Het in The Pythons beschreven Verhaal van Python is in hoofdlijnen bekend: vijf jonge, academische Britten (John Cleese, Eric Idle, Terry Jones, Michael Palin en Graham Chapman) vinden elkaar in Oxford en Cambridge, en mogen na optredens in lichtmelige shows als The Frost Report en Do Not Adjust Your Set (waar de Amerikaan Terry Gilliam animaties bij maakt) hun eigen serie komische programma’s beginnen. De stijl en vorm van Monty Python’s Flying Circus (een naam die pas na veel overleg werd gekozen) zou in eerste instantie vrij orthodox worden, maar het nieuwste werk van grote concurrent Spike Milligan bleek te veel op de oorspronkelijke Monty-opzet te lijken. Er werd besloten de onnavolgbare ‘stream of consciousness’-stijl uit Gilliams stop-motion-filmpjes te introduceren in de sketches zelf: alles moest in elkaar overlopen, op zichzelf teruggrijpen en de indruk maken ergens over te gaan, maar feitelijk de meest pure, absurde komedie worden. De stijl van Monty Python was uitgevonden.

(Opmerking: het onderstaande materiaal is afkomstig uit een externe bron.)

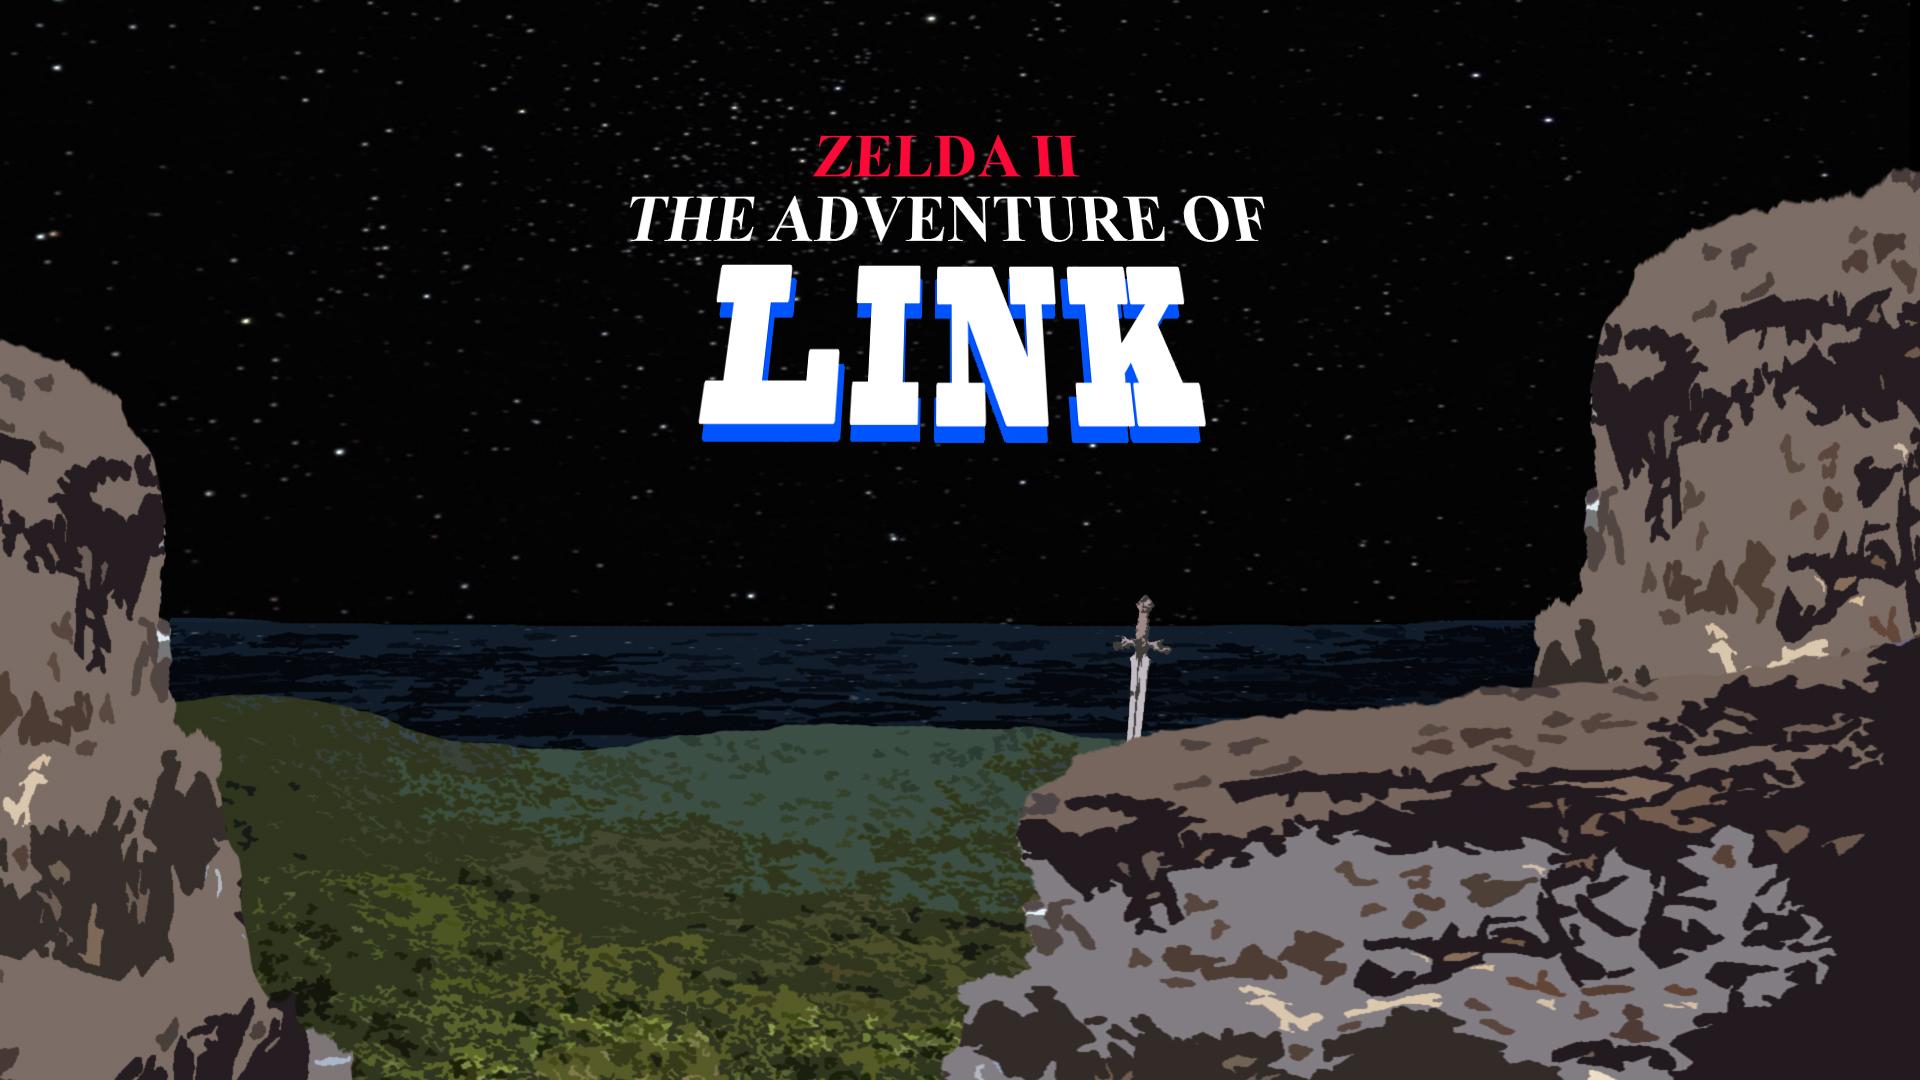 Zelda II: The Adventure of Link HD Wallpaper. Background
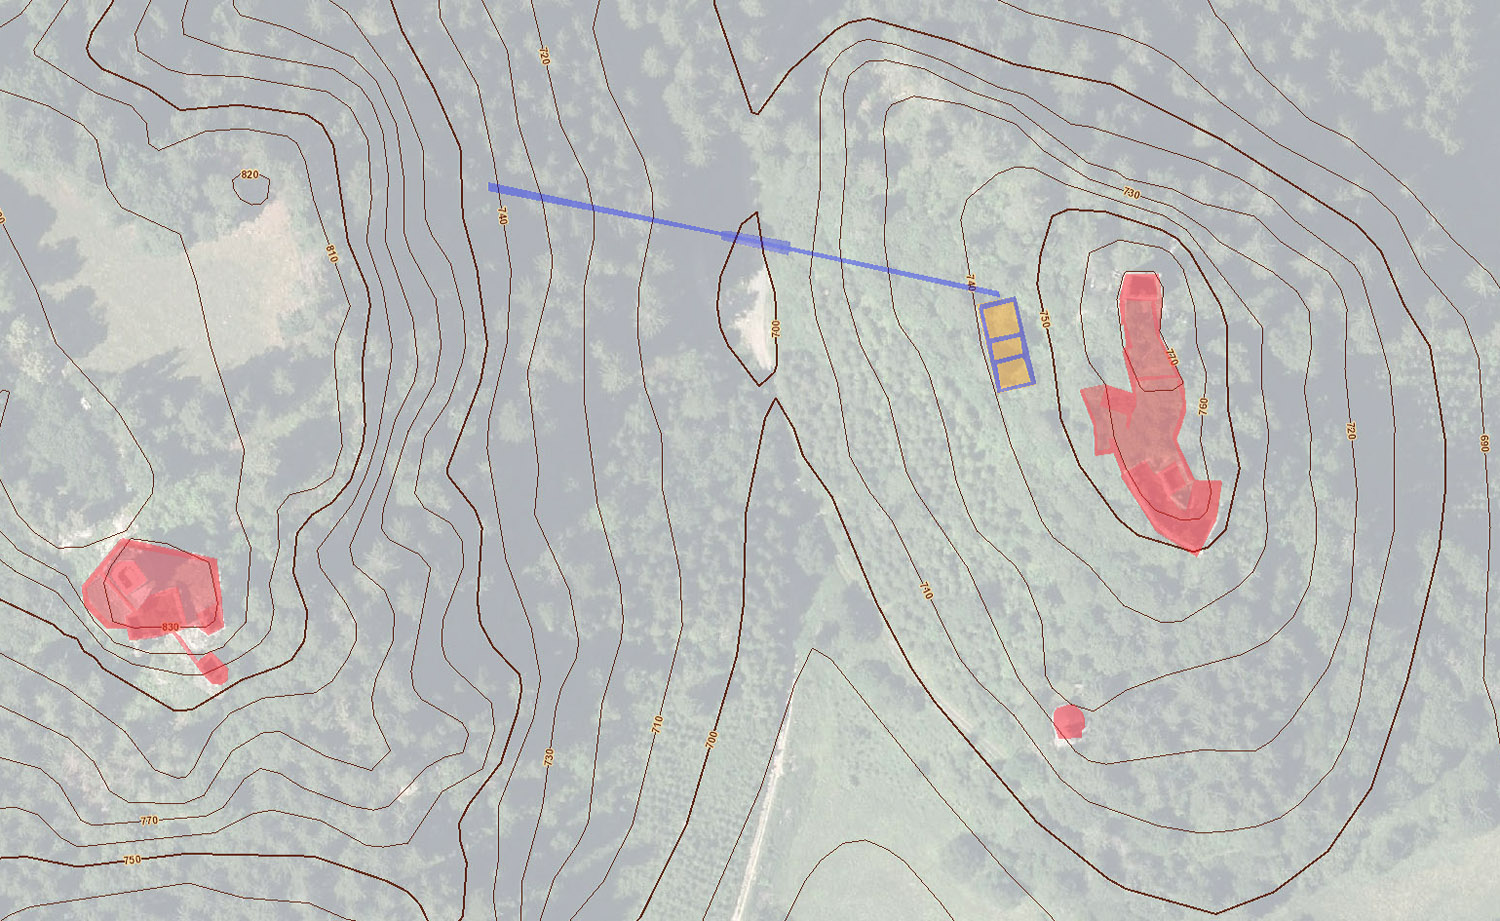 Kraiger Schlösser: Höchenschichtenplan, links Hochkraig, rechts Niederkraig, Kasten gelb, Aquadukt und vermutete Wasserleitung blau. (Basis Kagis)

In die zin krijgen we dus weinig nieuws. Het feit dat McCabe strak vasthoudt aan de ‘autobiografische’ toon die het boek moest krijgen – en dus uitsluitend gebruik maakte van zijn uitgeschreven interviews met de Pythons en dagboekfragmenten uit de tijd zelf – maakt het boek zeker authentiek, maar het verhaal weinig logisch. Het boek opent met de uitvoerige indrukken van iedere Python over iedere andere Python, vol tegenstrijdige feiten en twijfelachtige data. Daarna volgt van ieder groepslid een uitgebreide biografie, geheel ‘in the words of’ de betreffende persoon, wat het geheel soms lichtelijk sentimenteel maakt en in ieder geval heel wat minder betrouwbaar. “There are undoubtedly inaccuracies in the book – and they often contradict each other,” gaf McCabe dan ook toe in een interview op dailyllama.com, “but that’s the way they remember things, and that is the nature of autobiography.” Op ongeveer een derde van het boek komt McCabe pas toe aan dat onderdeel waar de fans het voor zullen kopen: de oprichting van het Vliegende Circus.

Pre-Python

De graalridders uit <i>The Holy Grail</i>
De graalridders uit The Holy Grail

Hoewel er een hoop boeiends wordt verteld over de interne strubbelingen der Pythons, het beruchte alcoholisme van Chapman (het enige overleden lid van de groep) en de komische rampen bij het filmen van meesterwerken als The Holy Grail en Life Of Brian, zijn de meeste anekdotes overbekend. Wat The Pythons vooral interessant maakt zijn de onbekende verhalen uit de (zeer) jonge jaren van de komieken en – vooral – hun allereerste, pre-Python en zelfs pre-Frost activiteiten. Zo gaat Eric Idle voor het eerst uitgebreid in op zijn jeugd die (echt waar) in het weeshuis werd doorgebracht. Verder worden de optredens bij de Cambridge Footlights Club, de revueclub waar drie prominente Pythons lid van waren, weemoedig besproken.

De Pythons zelf doen even niet leuk en de toon van het boek is daarom serieus tot zeer ingehouden ironisch. McCabe zelf heeft, als gezegd, geen stem en dat is maar goed ook, want zijn bijschriften bij de foto’s zijn van een glazuurverbrijzelende flauwheid; het beste bewijs dat wie de Python-stijl na wil doen altijd door de mand valt. Een ander minpunt is dat wie de volledige lol van dit boek wil hebben, verplicht is de enorme, peperdure gebonden versie aan te schaffen, die prachtig is opgemaakt in een mengsel van foto’s en tekst. In de voor deze recensie gebruikte pocketuitgave is die mooie opmaak geheel vervangen door vier saaie fotokaterntjes. Voor wie dat geen bezwaar is, is The Pythons een mooie nieuwe brok op de berg van Pythonparafernalia, waarvan we nog even moeten afwachten of en hoe snel hij zal worden bedolven onder nieuw spul.